In the last analysis the power of any state is exerted through its “armed bodies of men”. The official Lebanese army with its Christian Phalange officer corps can now control only 10% of the country, and this is only with the assistance of US Imperialism. Even this degree of control is dubious. Their army is largely Muslim in composition and has been prevented from fragmenting only by the fact that the Shia and Druze militias against whom they have been fighting did not call upon their co-religionists to desert. The army’s control of Beirut, especially of the Shia areas of West Beirut, hangs by a thread. Outside this territory Lebanon has already disintegrated into a complicated patchwork of areas controlled by. Druze, Phalange, Sunni, Shia and other militias and by the Israeli and Syrian armies.

Because the superpowers do not want the conflict to escalate further, and because the mood within Israel is against extending the war, it is likely that the outcome of the fighting will be the temporary confirmation of this patchwork. As in 1975-76 when the civil war was not fought out to the finish the battle lines will once again be frozen. Lebanon will be one step closer to disintegration. The survival of any form of central government will be only courtesy of the loud pressures of US gunboats offshore.

Yet this situation could have been averted. Lebanon is a grim reminder to socialists internationally of the potential consequences of failed revolutions. Throughout the Middle East the revolutionary movements of the Arabs have been betrayed time and again by their leaders. In most of these countries, including Syria and Lebanon, the Communist parties at one time had a mass base and had the opportunity to take power. Instead they criminally submerged themselves in treacherous coalitions with national bourgeois forces, or openly supported right wing regimes such as that of the Shah of Iran.

At bottom the fighting in Lebanon stems from the social movements of the poor peasants and the working class. In 1970 a movement of the Muslim population rocked the regime. Again, it was the discontent of the Muslim masses in particular which underlay the civil war of 1975. In each case these movements could not find a class direction. The left wing forces within Lebanon failed to rise above religious sectarianism and present a programme for a socialist Lebanon which could have appealed to all the peoples of the state. The Palestinians both in 1970 and 1975 had the opportunity to forge a close alliance with the downtrodden masses of Lebanon.
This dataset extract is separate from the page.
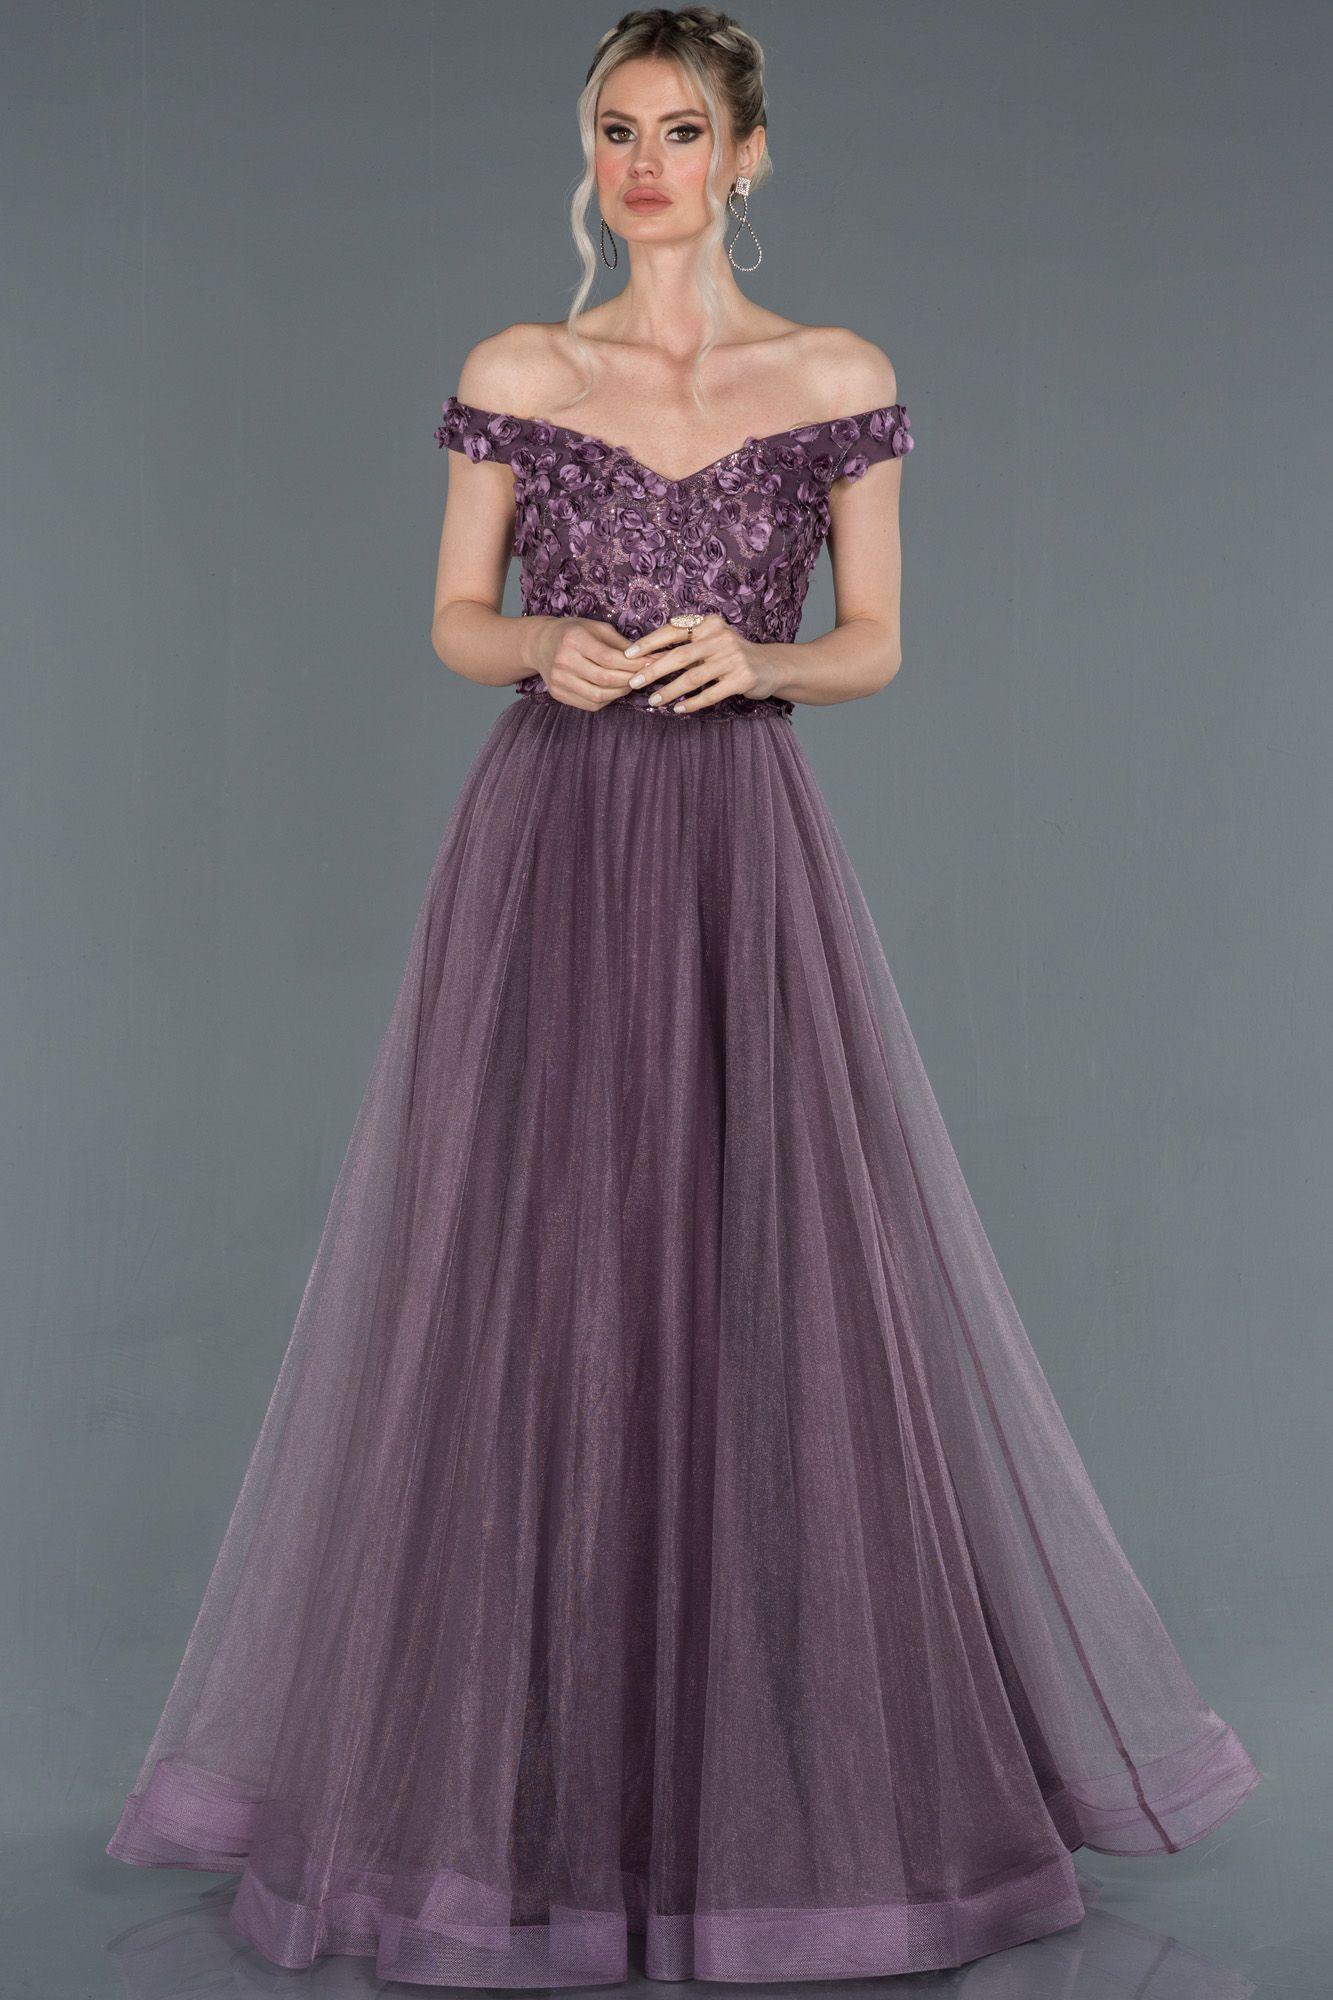 Lavanta Kayik Yaka Gul Islemeli Prenses Abiye Elbise Abu1203 2020 The Dress Elbise Aksamustu Giysileri

Instead their leaders attempted to reach a separate agreement with the right wing government, arguing that they were not concerned with the internal affairs of other countries.

Only on a socialist basis can there be a genuinely united Lebanon, can there be peace in this region and can there be an answer to the problem of a homeland for the Palestinians. Within the Middle East, including the Lebanon, there is widespread discontent and opposition to the right wing rulers. In Israel there have recently been widespread strikes, including the unprecedented strike and hunger strike by the country’s 8,500 doctors.

What is required is the socialist programme and perspective of Marxism which could provide the unifying and cutting edge for this discontent. Despite the setback represented by the Lebanese events there is every potential for the emergence of a unified socialist movement in the region. The alternative offered by capitalism is communal strife, civil war, war and the emergence of Lebanons, all over the Middle East.